◆ **Goal of the exercise**
Taking the line with "Full Frame Of" as the first, copy every line through the end of the records below exactly. Do not include pictures.

◆ **Entries shown**
++++++++++++++++++++
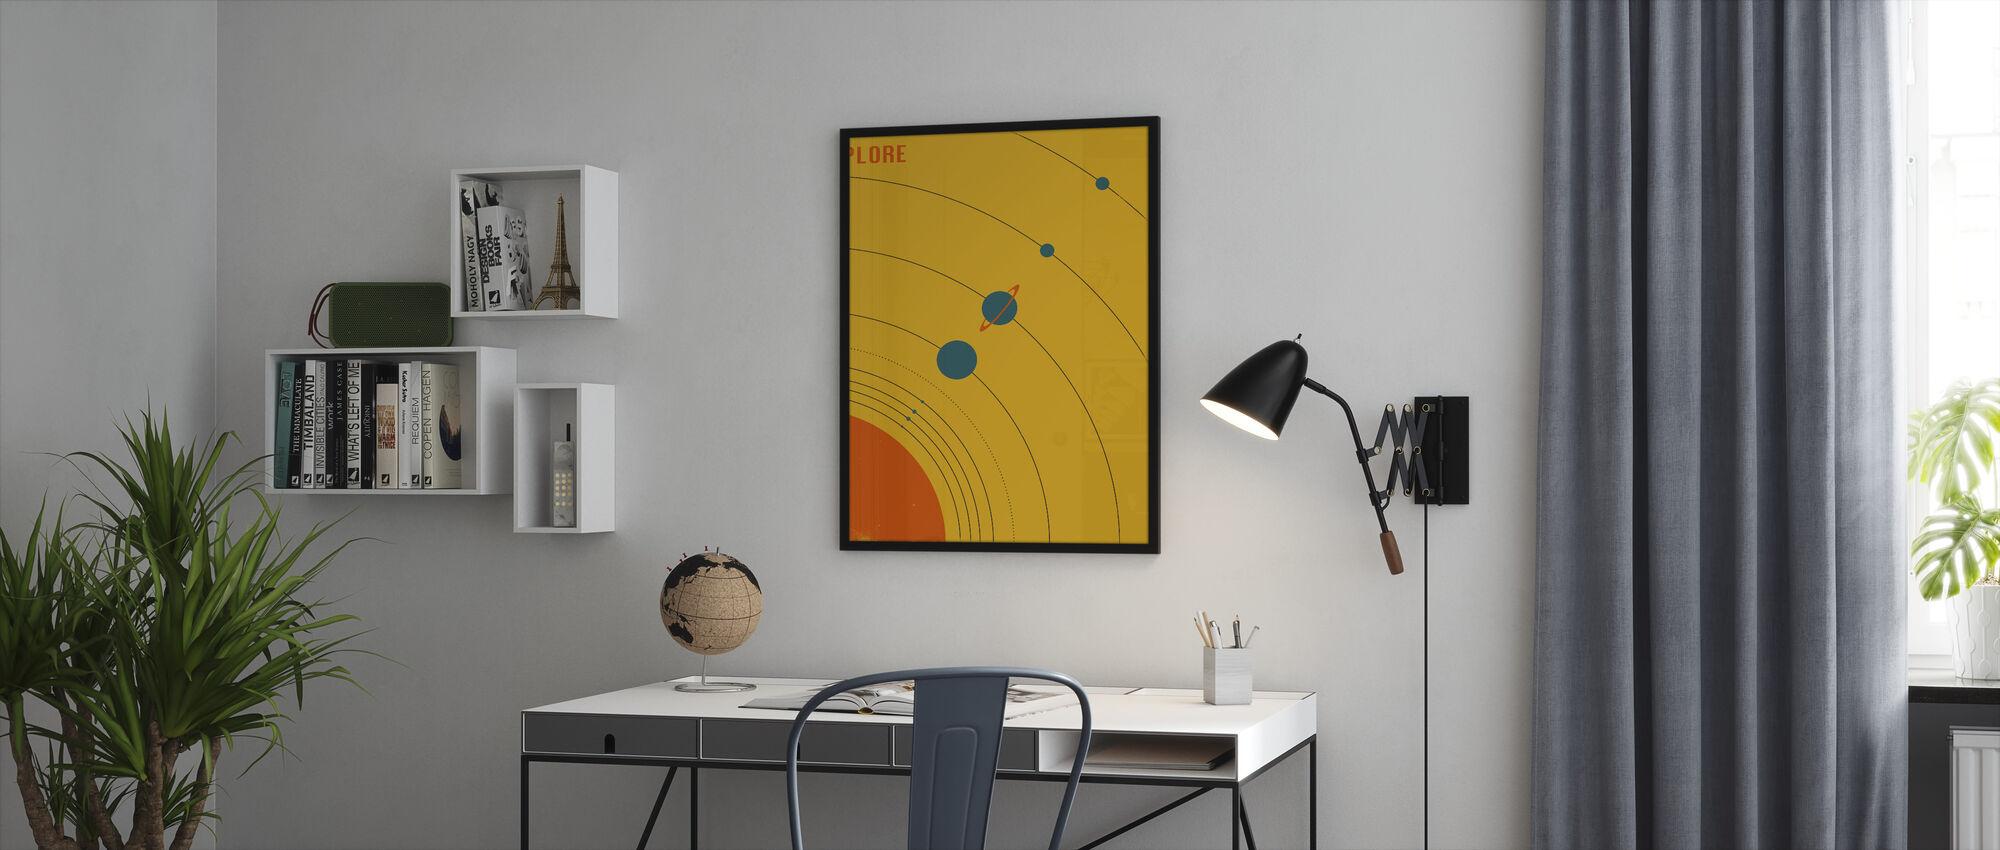 Solsystem - Utforsk - Innrammet bilde - Kontor
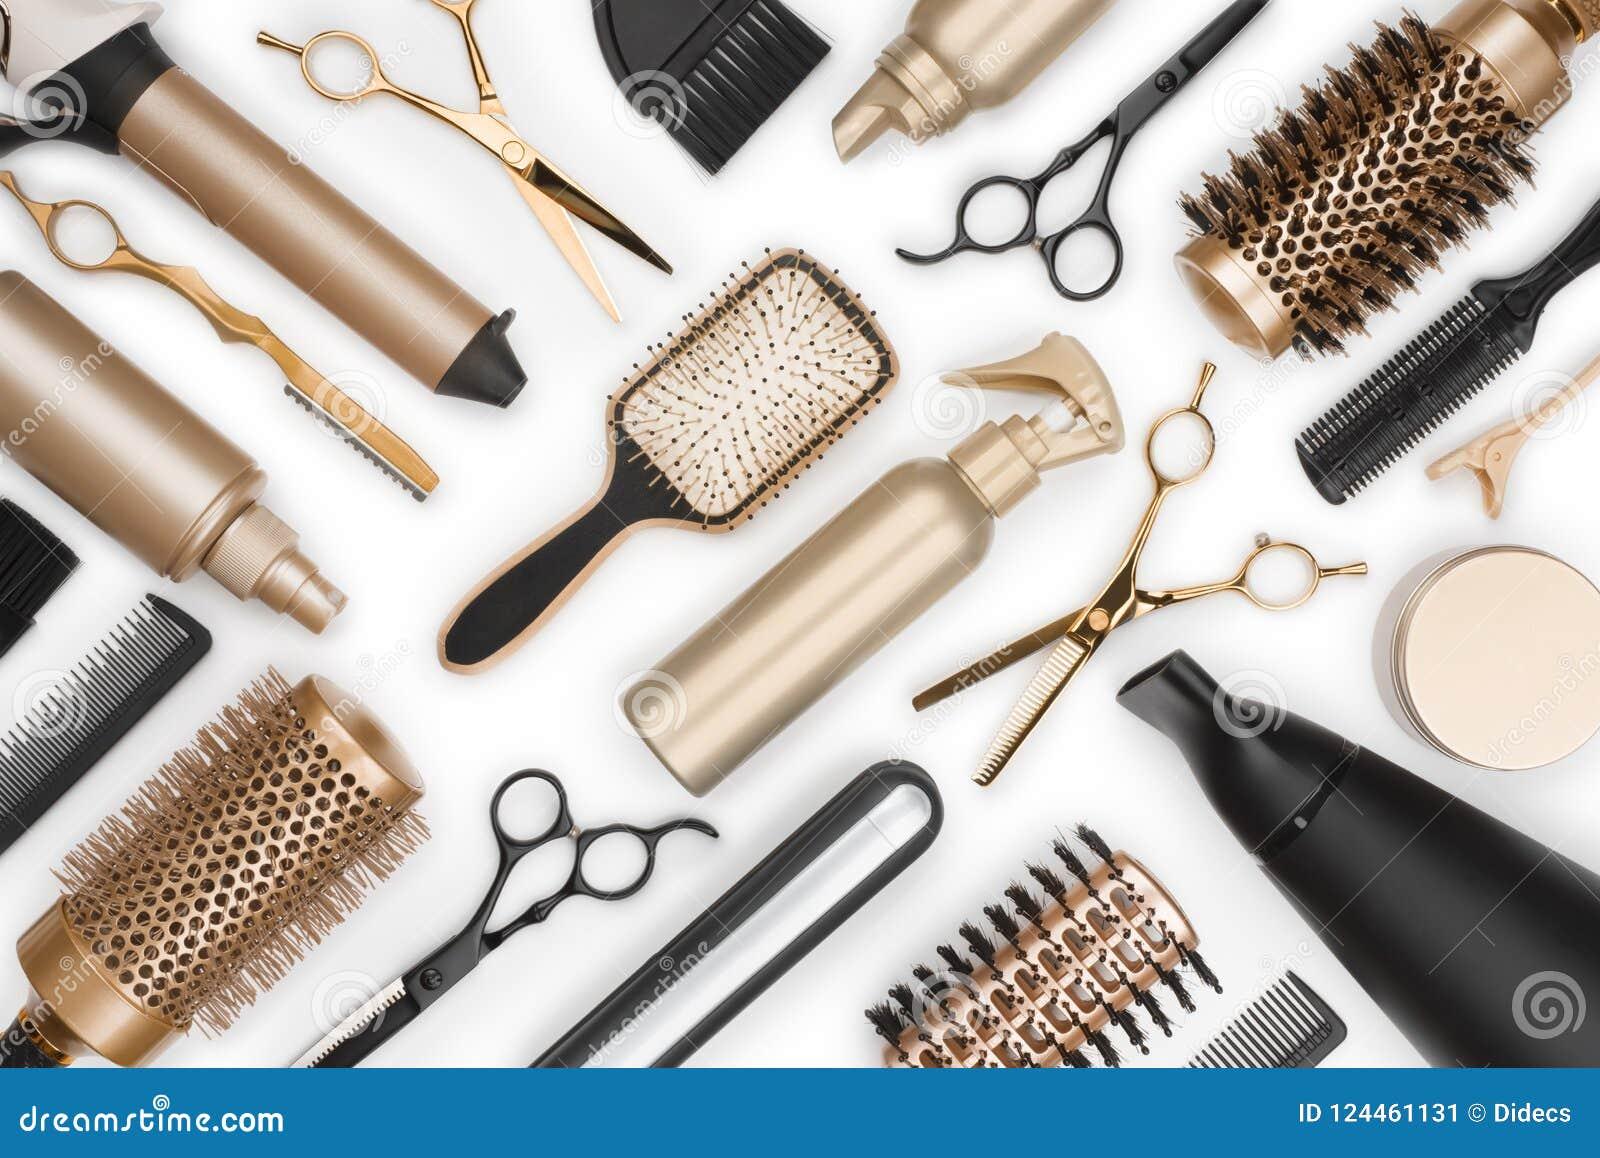 Full Frame Of Professional Hair Dresser Tools On White ...
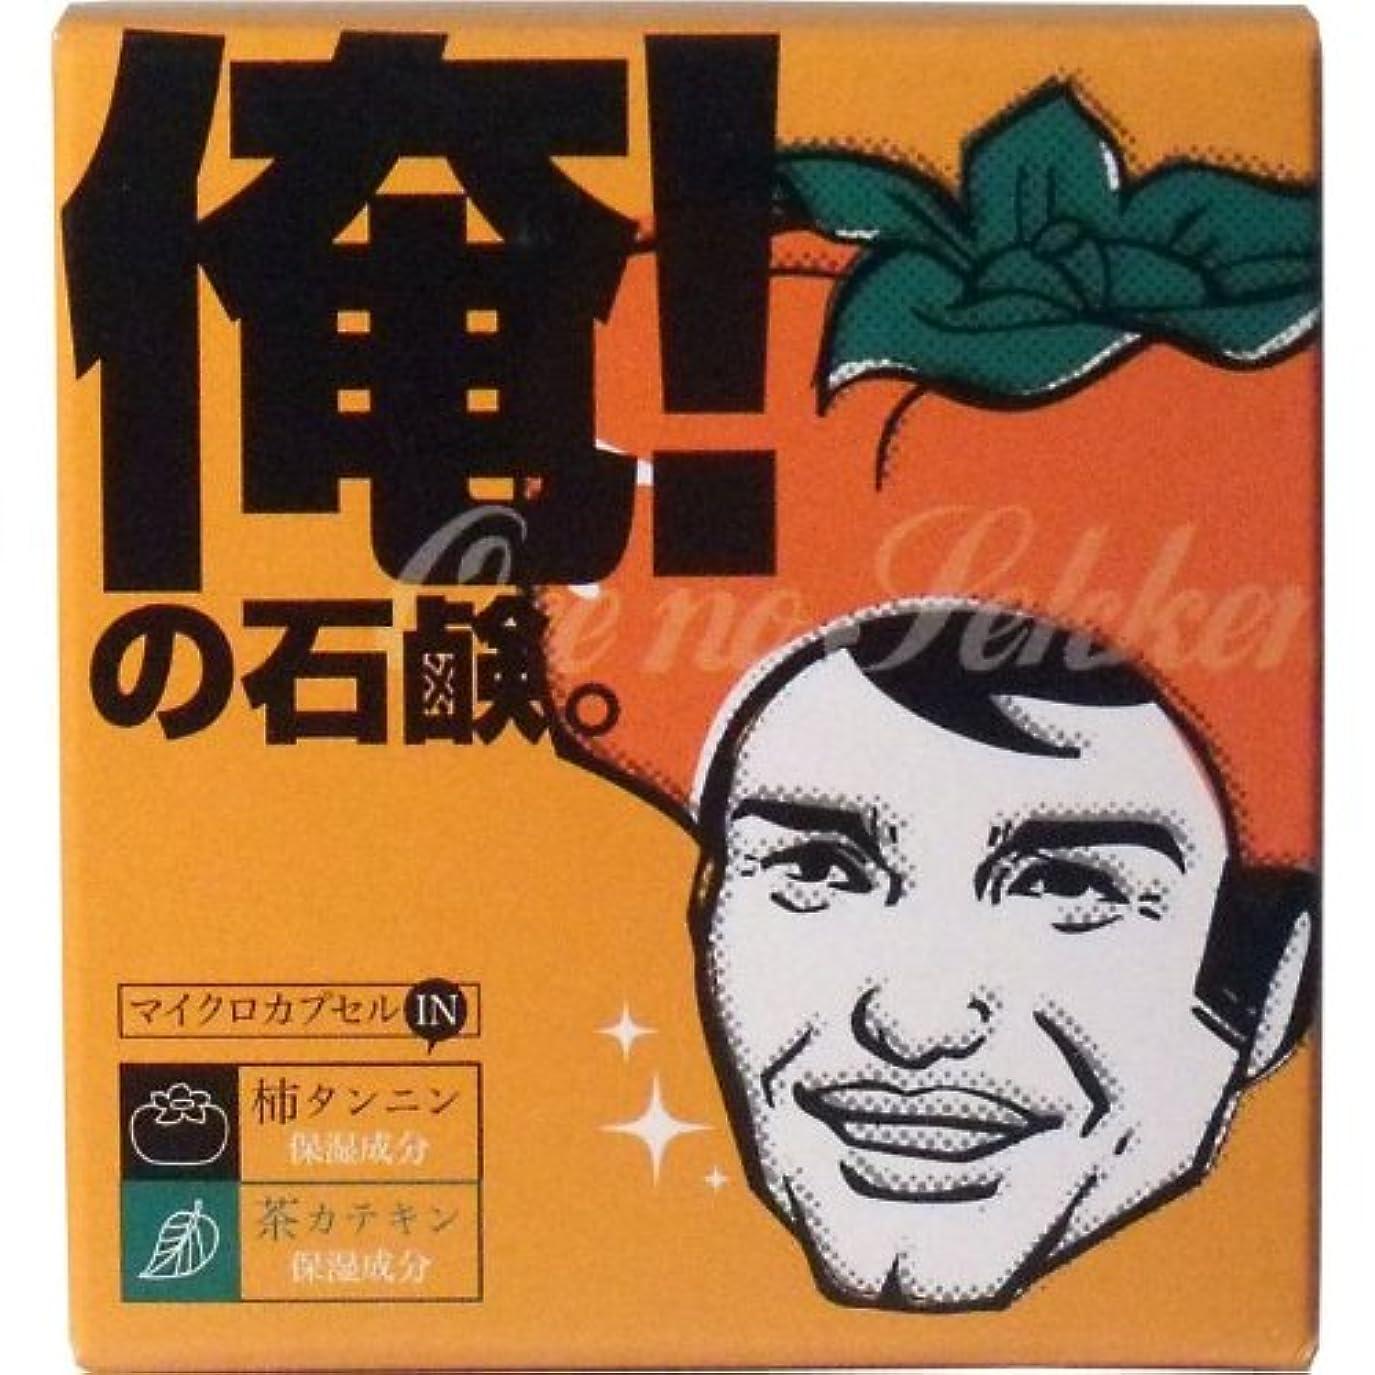 ドロー努力引数茶カテキン! 柿タンニン! をダブル配合!石鹸
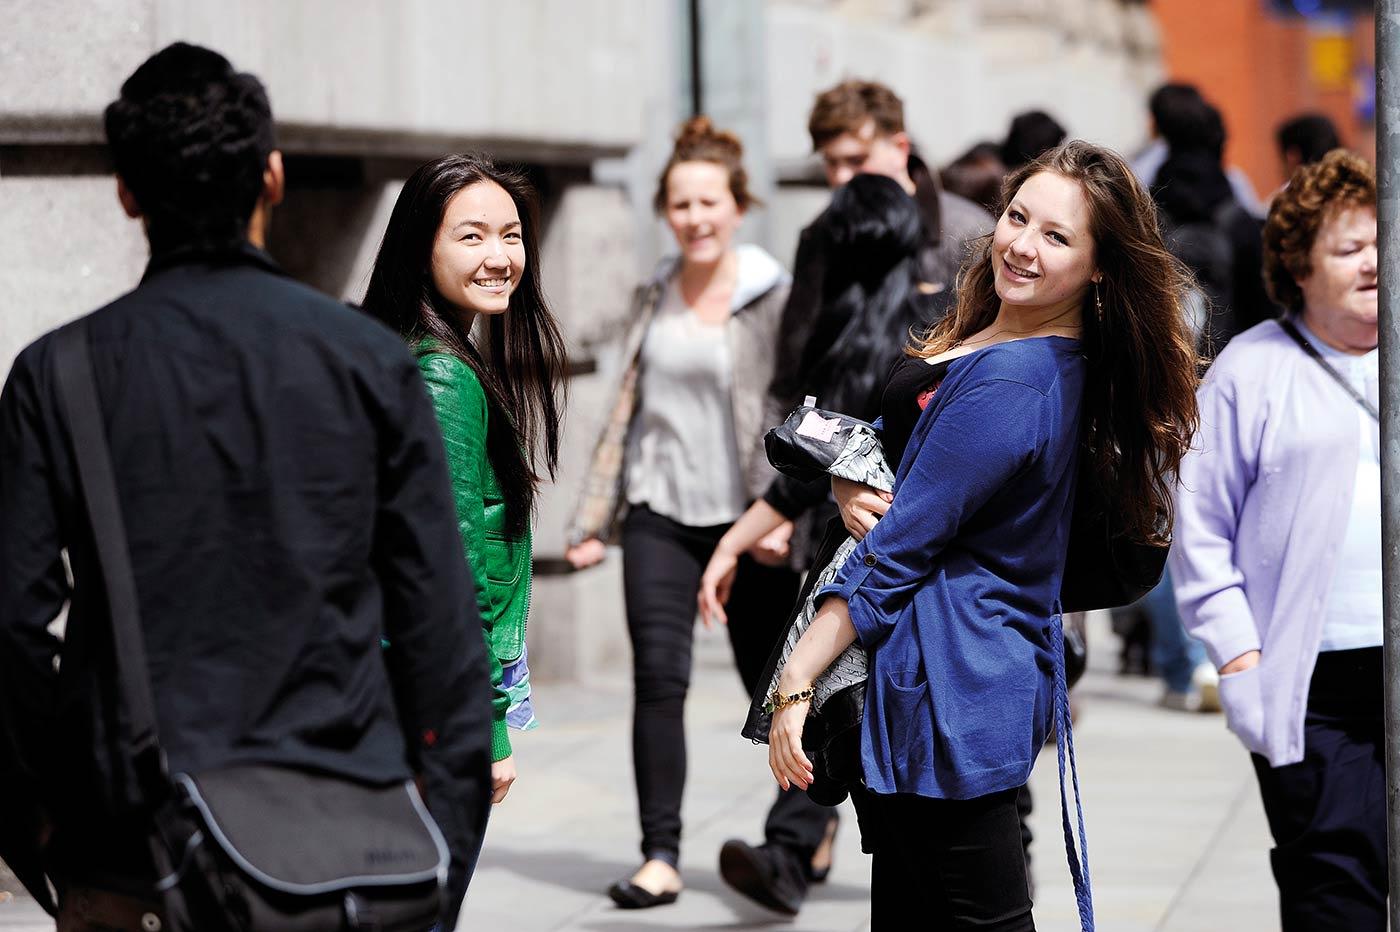 عِش وتعلم في واحدة من أفضل المدن الطلابية بالعالم
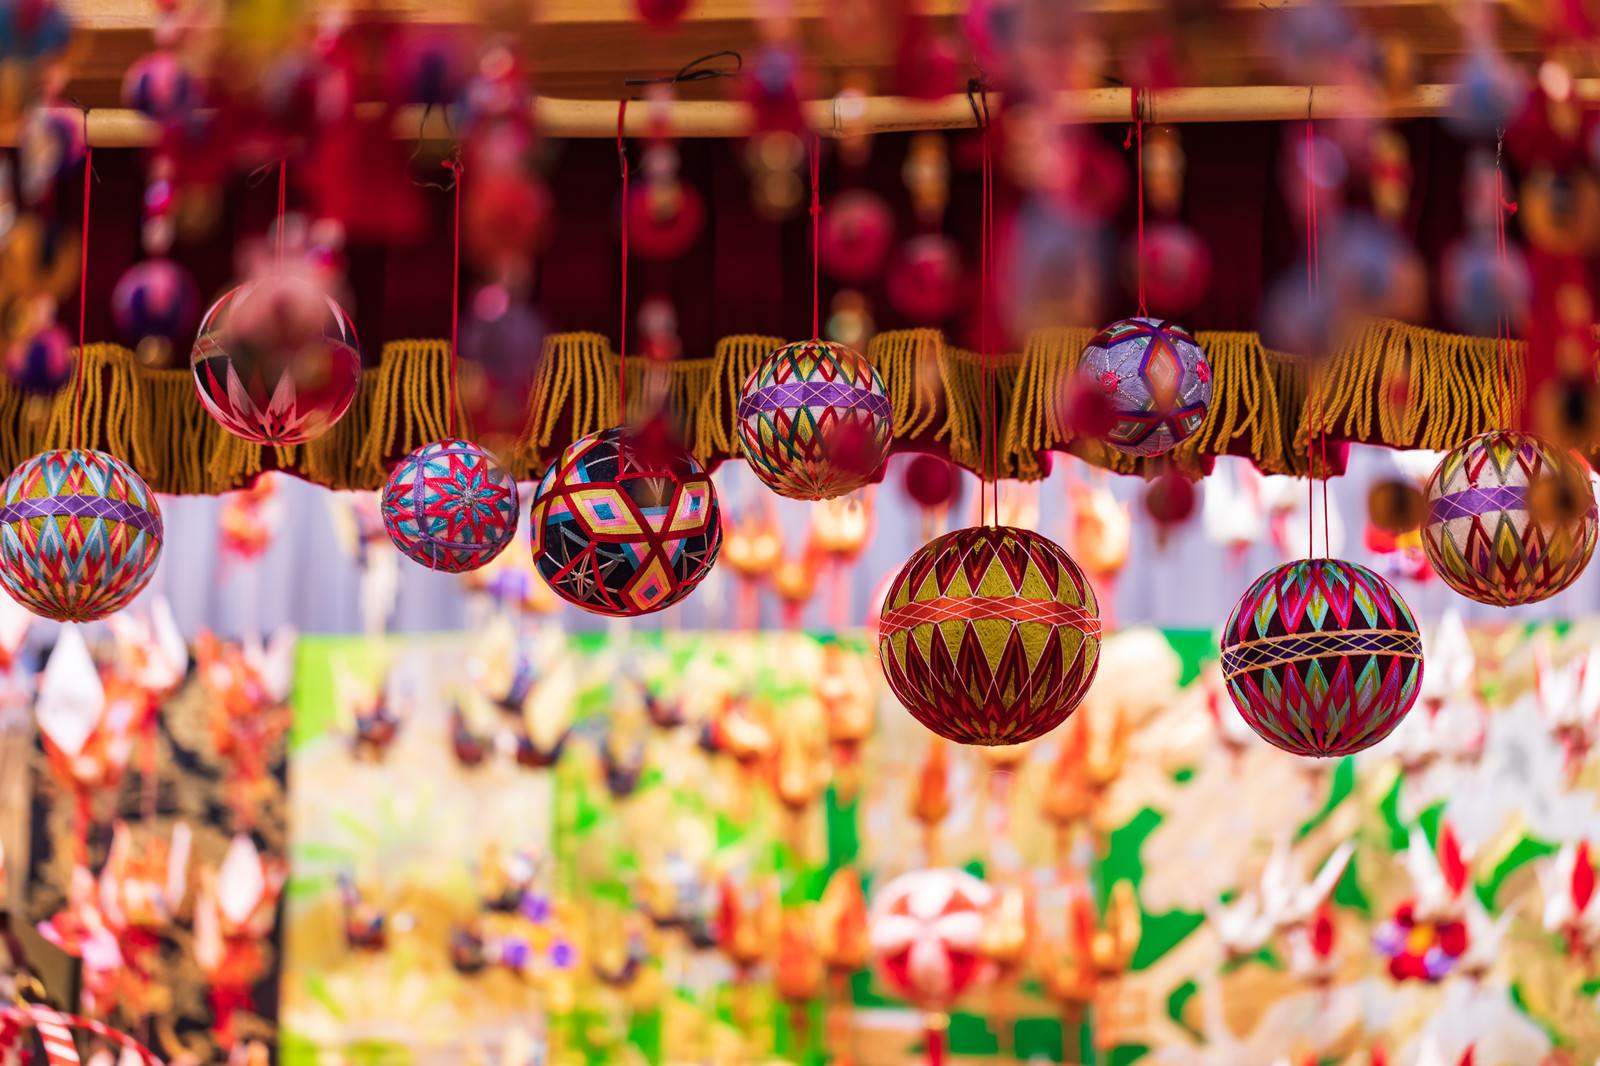 「つるし飾りの大玉」の写真
++++++++++++++++++++
◆ **Your solution**
 Full Frame Of Professional Hair Dresser Tools On White ...
 ドロー努力引数茶カテキン! 柿タンニン! をダブル配合!石鹸
 عِش وتعلم في واحدة من أفضل المدن الطلابية بالعالم
 「つるし飾りの大玉」の写真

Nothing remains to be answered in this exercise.